Вопросы дельные, аспирант не причитал, сочувствие сдержанное.
— Хотите чаю? Сбегаю в туалет за водой. Правда, к чаю ничего нет. Кружки второй нет. У соседей спрошу. На углу печенье куплю.
— Что вы, Иван. Ничего кроме чаю не надо.
— Ужинать необходимо, — была в речи Каштанова провинциальная обстоятельность. — Вы правда Балтимора спекулянтом назвали?
— Если назвал, то случайно.

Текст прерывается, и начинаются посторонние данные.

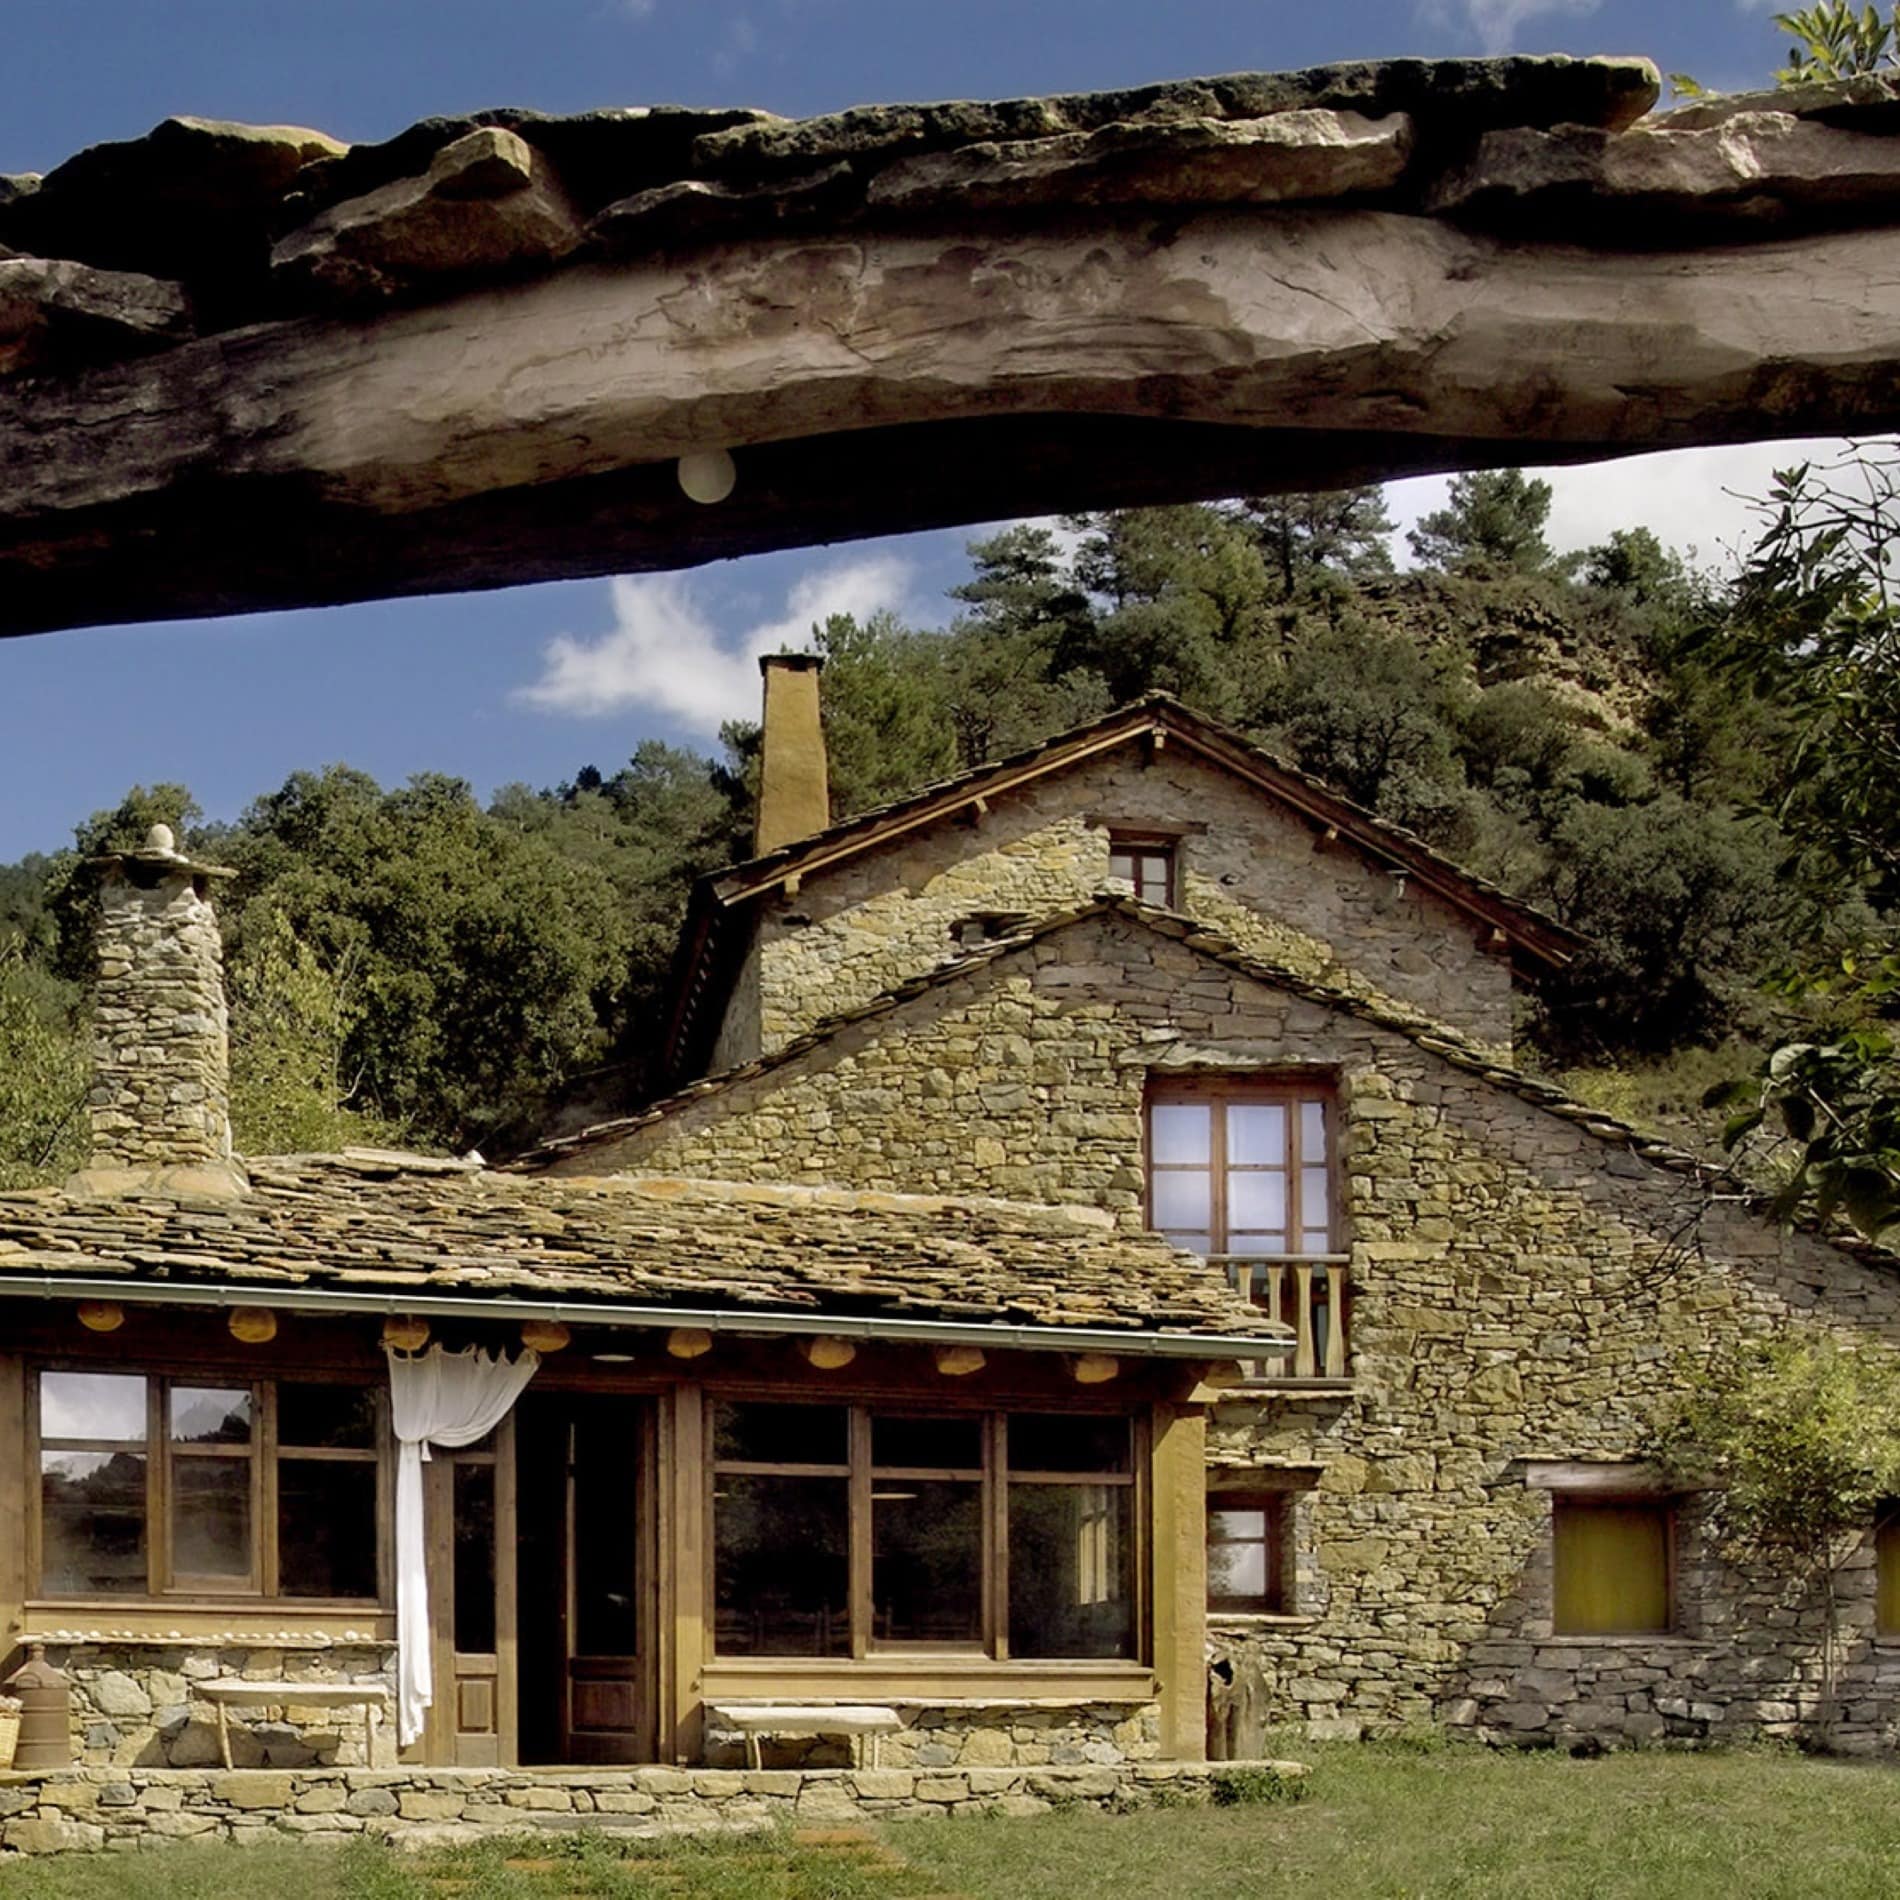 Espectacular casa rural de piedra situada en un entorno montañoso inigualable

Мне стыдно.
— Простите, что вмешиваюсь. Может быть, не надо с ними ссориться?
Аспирант Каштанов стоял спиной к Марку Кирилловичу. Выдержал паузу.
— Послушай, Иван, это тебе Медный посоветовал Ницше заняться? — Марк Рихтер редко говорил по-русски и оттого чувствовал непривычную легкость. Стал говорить «ты» Каштанову. — Отчего тебя на Ницше потянуло?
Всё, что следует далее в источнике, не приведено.